** REQUIREMENT **
Output exactly, and only, the lines below from the one with "Chesterfield real leather threesome sofa" down to the one with "Upholstery is in". Include both end lines and no pictures.

** PROVIDED DATA **
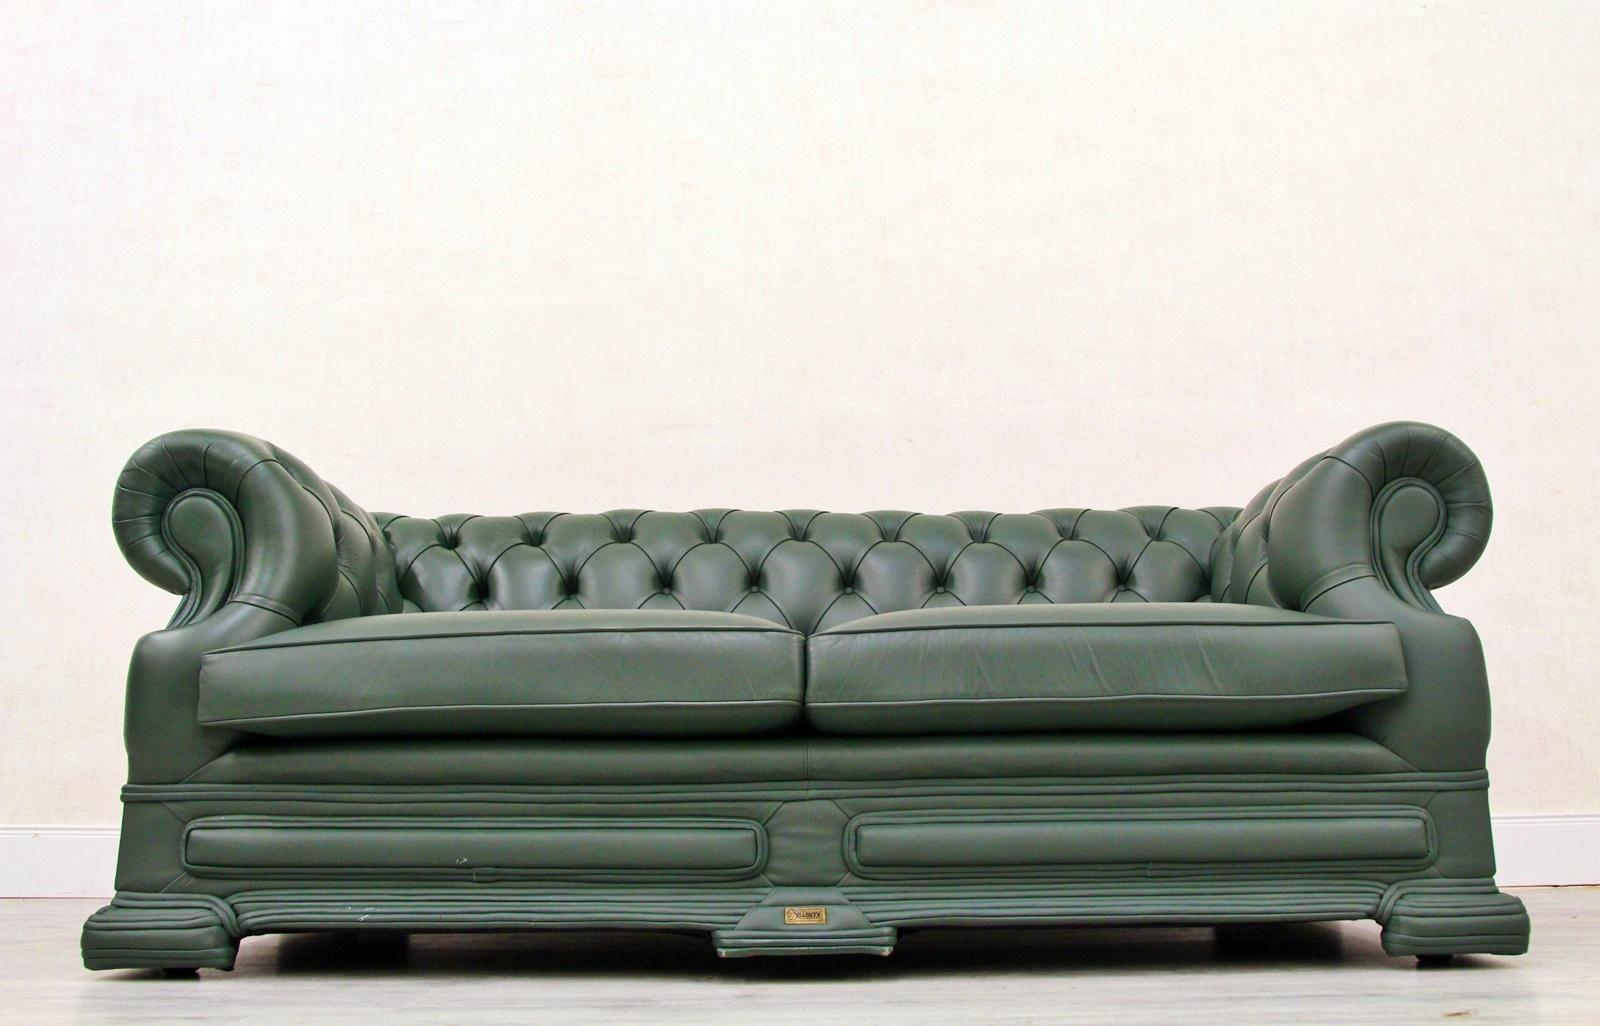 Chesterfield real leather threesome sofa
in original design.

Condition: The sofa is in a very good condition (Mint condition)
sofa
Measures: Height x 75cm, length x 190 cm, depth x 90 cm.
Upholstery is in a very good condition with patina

---

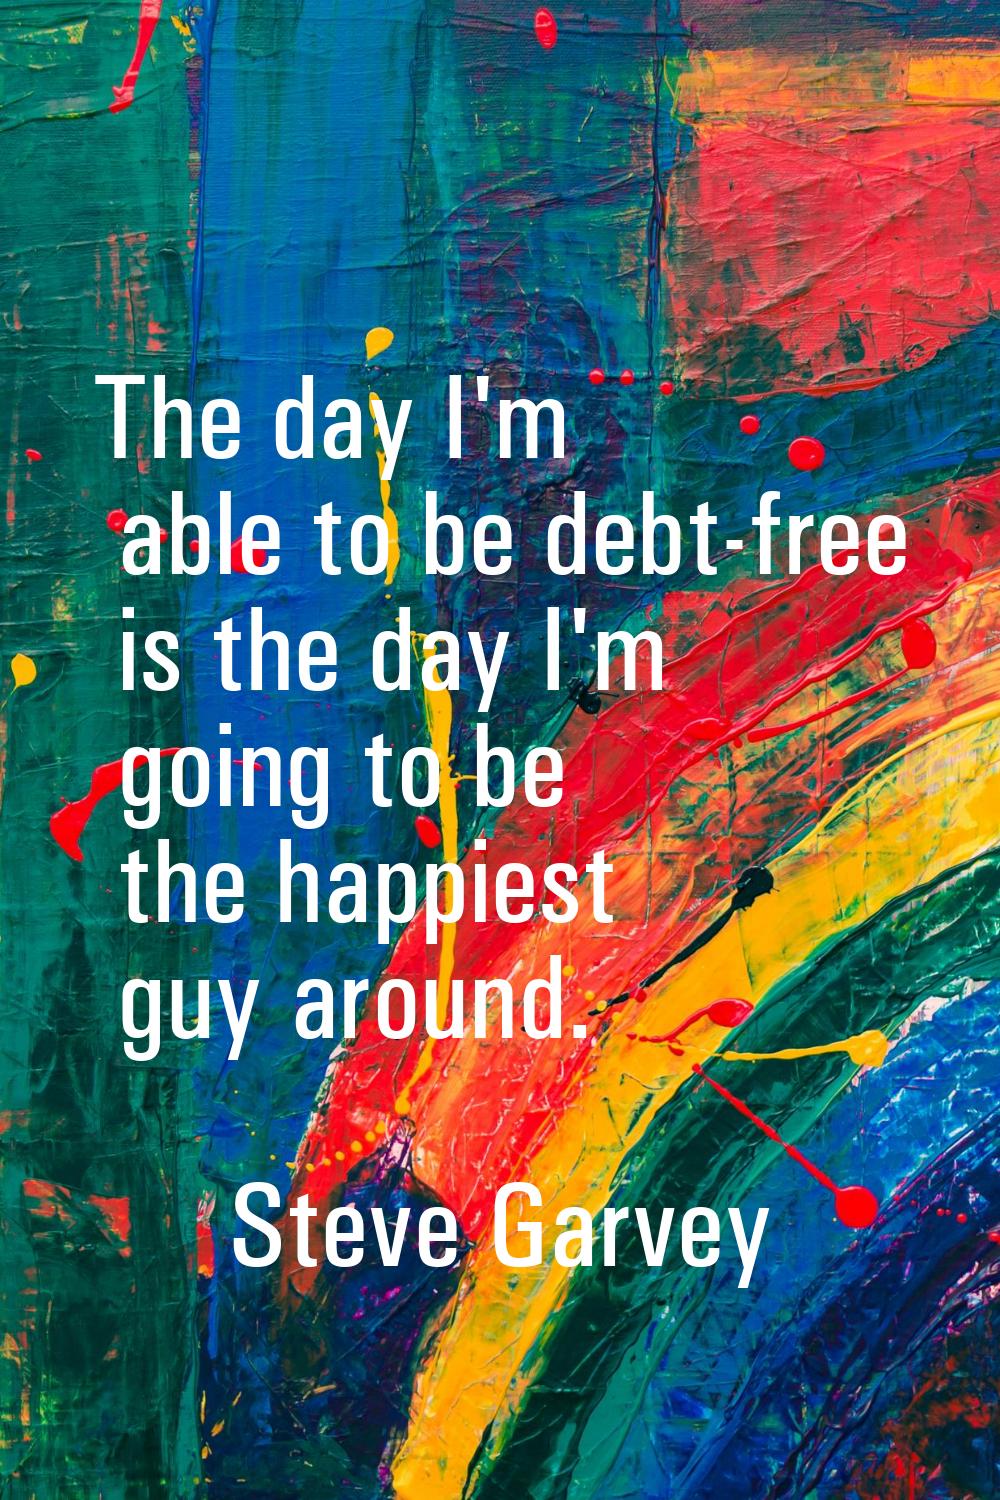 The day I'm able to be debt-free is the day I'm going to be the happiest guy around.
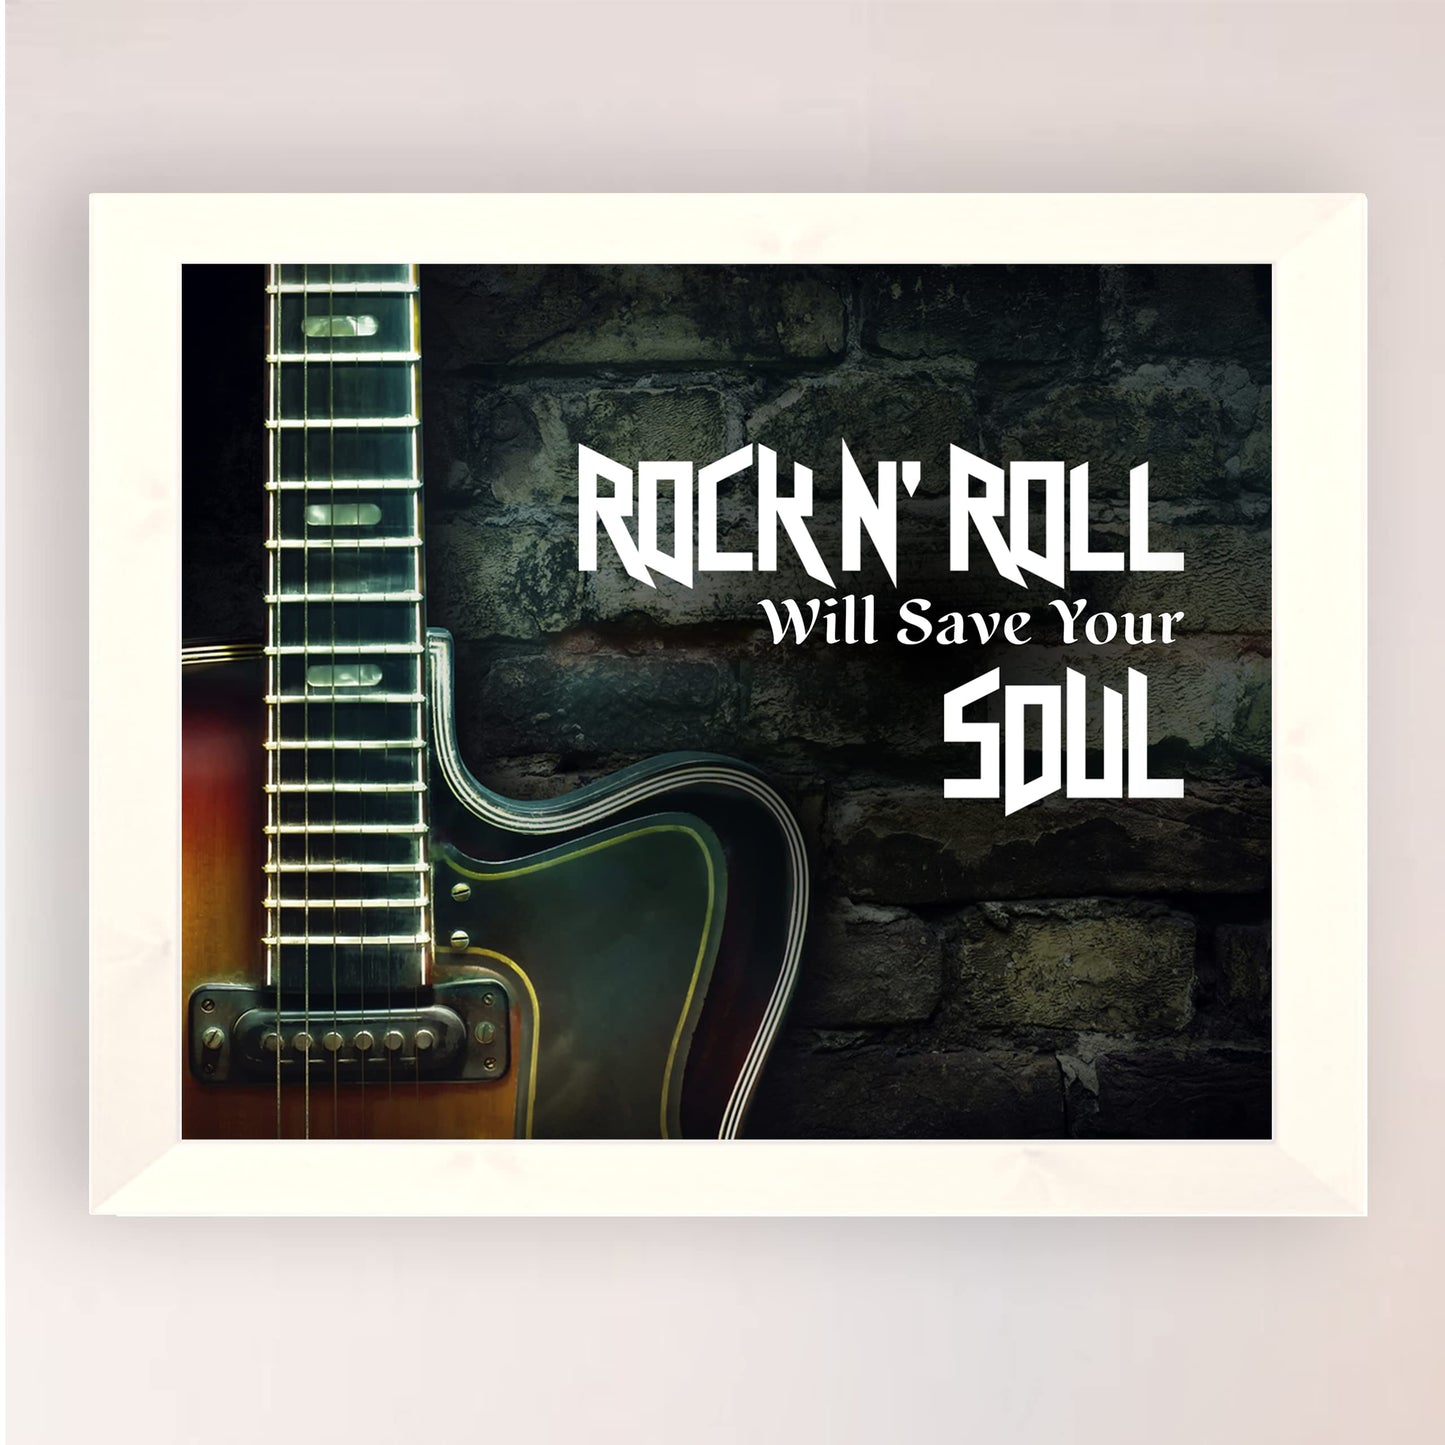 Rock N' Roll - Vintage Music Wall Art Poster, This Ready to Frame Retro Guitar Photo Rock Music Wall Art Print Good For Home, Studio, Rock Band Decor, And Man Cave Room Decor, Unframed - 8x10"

==

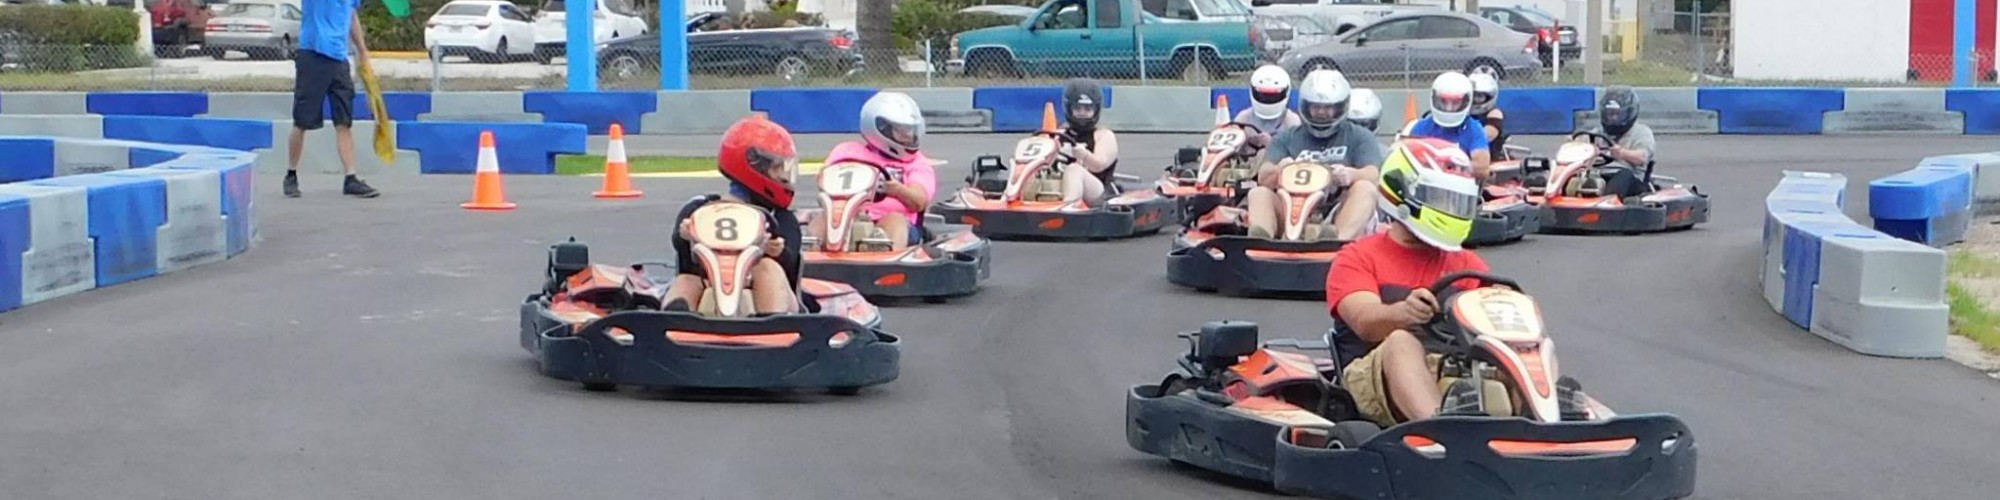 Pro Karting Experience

** ANSWER FOR THIS EXERCISE **
 Chesterfield real leather threesome sofa
in original design.

Condition: The sofa is in a very good condition (Mint condition)
sofa
Measures: Height x 75cm, length x 190 cm, depth x 90 cm.
Upholstery is in a very good condition with patina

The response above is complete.